→ TRY IT:
Output the listing below verbatim, but drop the images.

→ RAW DATA:
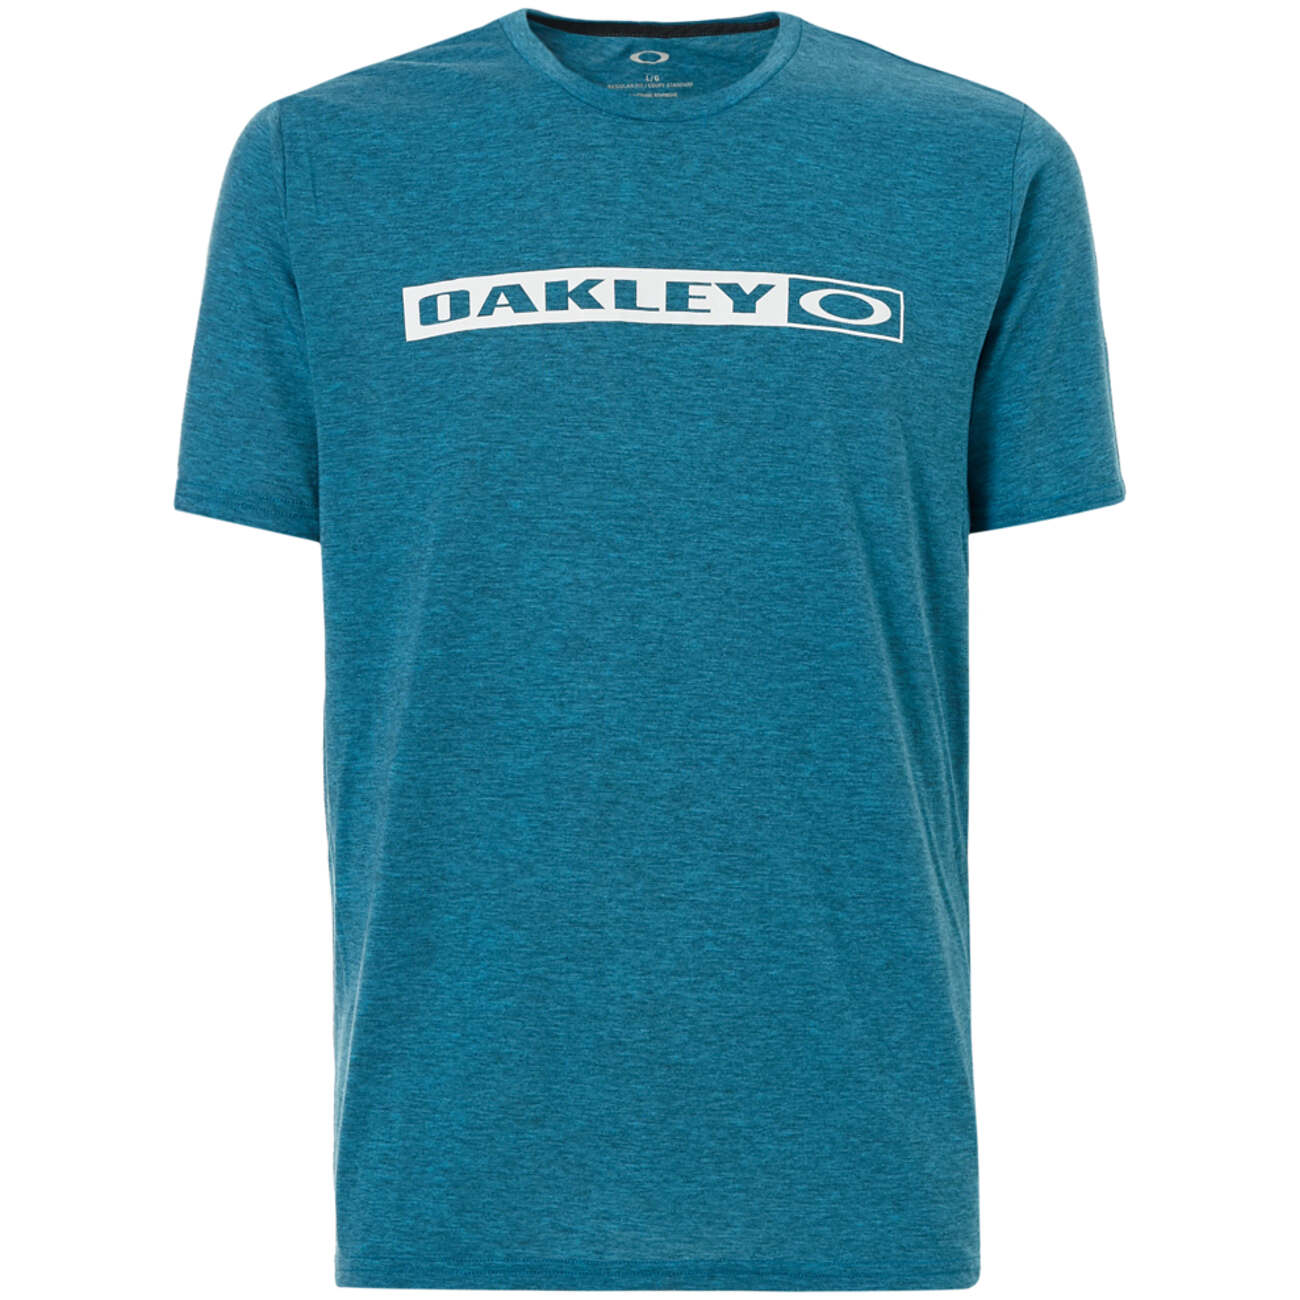 Oakley T-Shirt New Original Atomic Blue Dark Heather
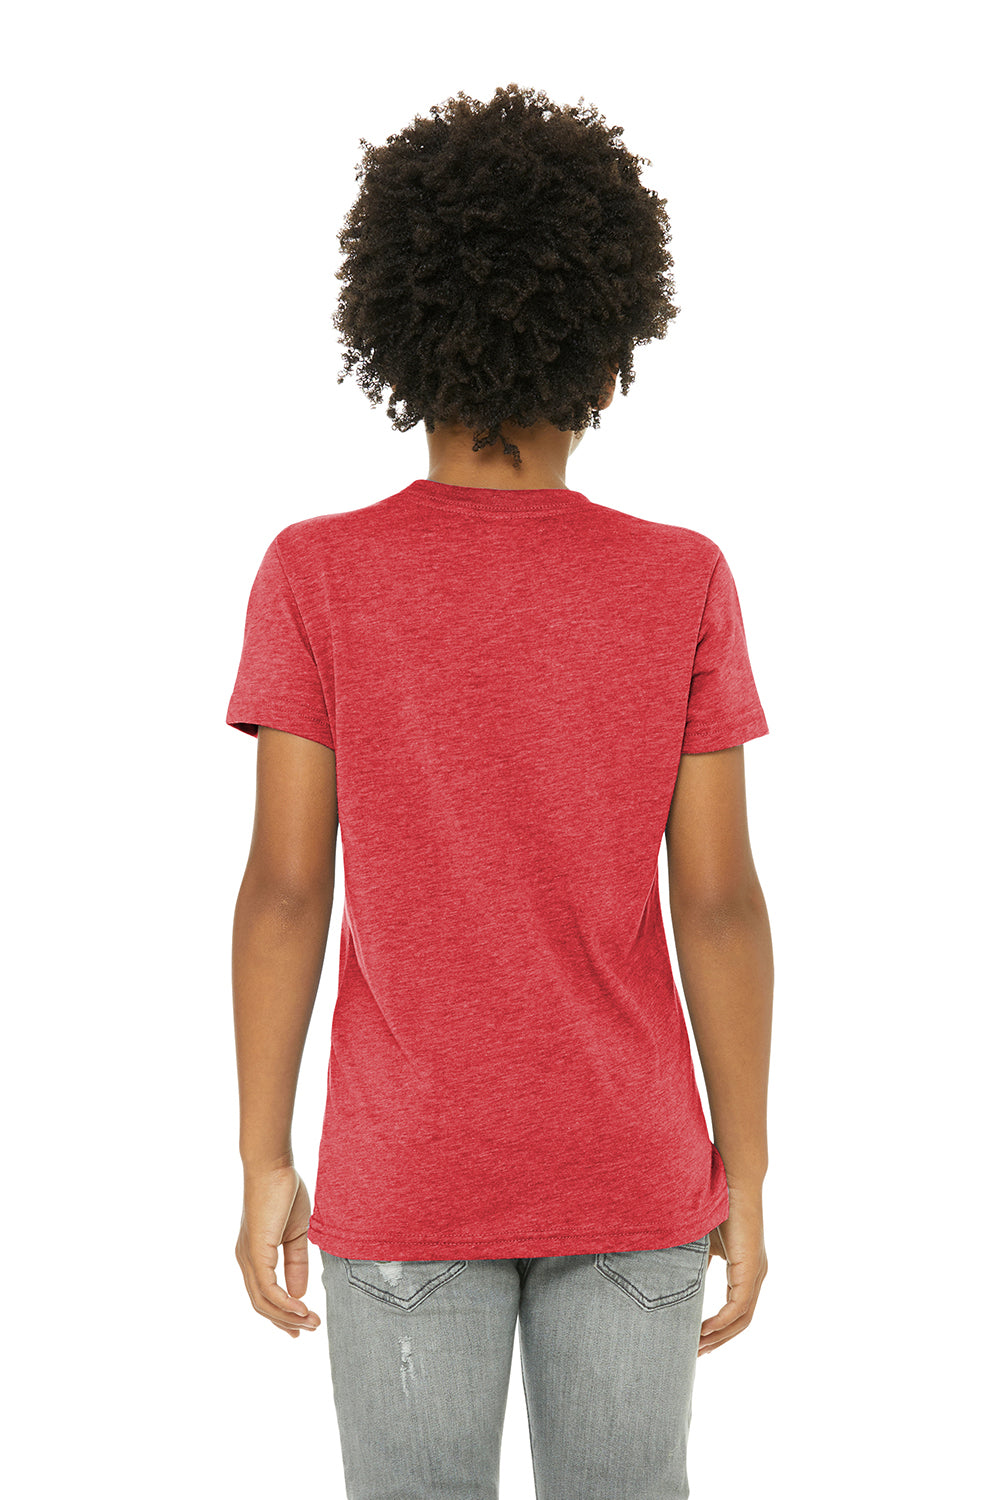 Bella + Canvas 3413Y Youth Short Sleeve Crewneck T-Shirt Red Model Back
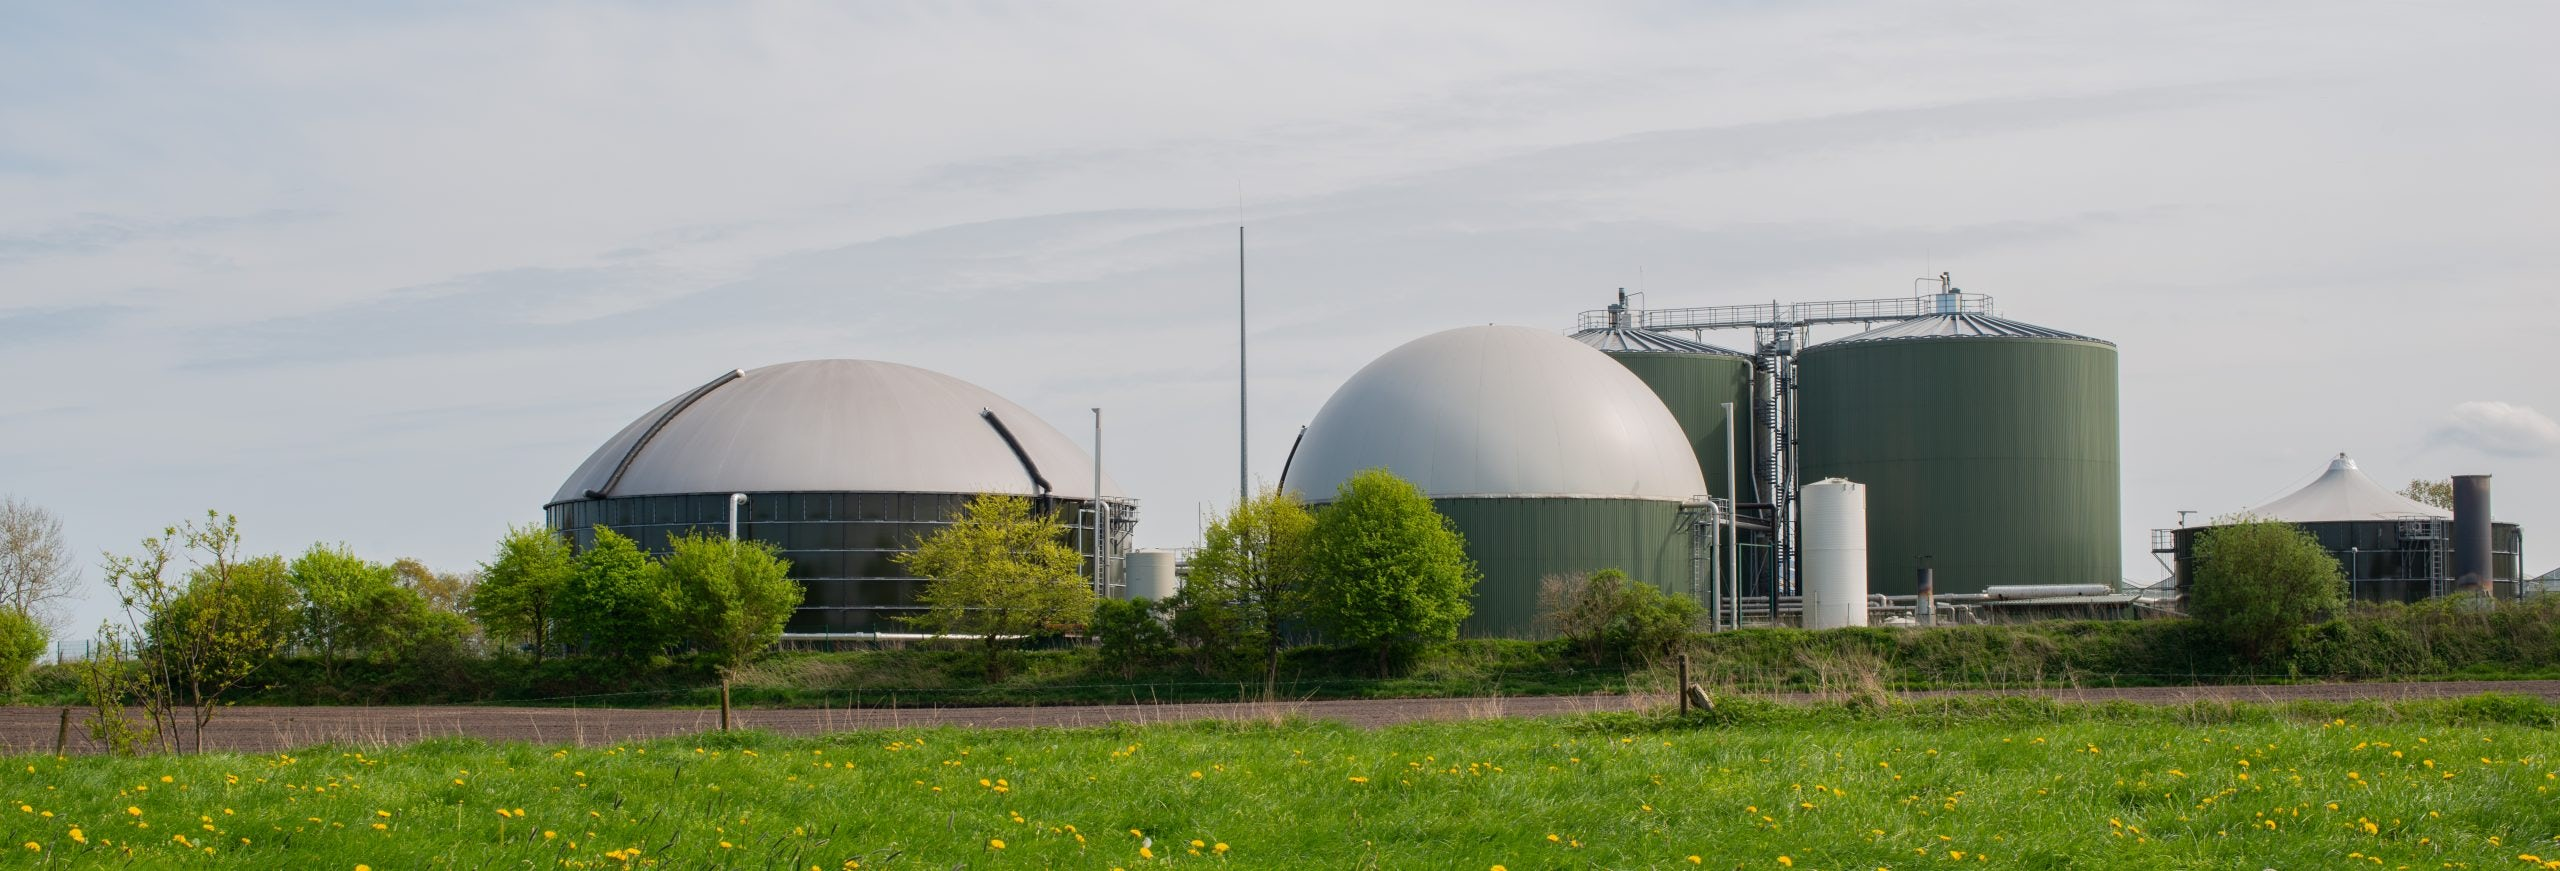 Biogas Production Equipment

→ SOLUTION TO THE PROBLEM:
 Oakley T-Shirt New Original Atomic Blue Dark Heather
 Bella + Canvas 3413Y Youth Short Sleeve Crewneck T-Shirt Red Model Back
 Biogas Production Equipment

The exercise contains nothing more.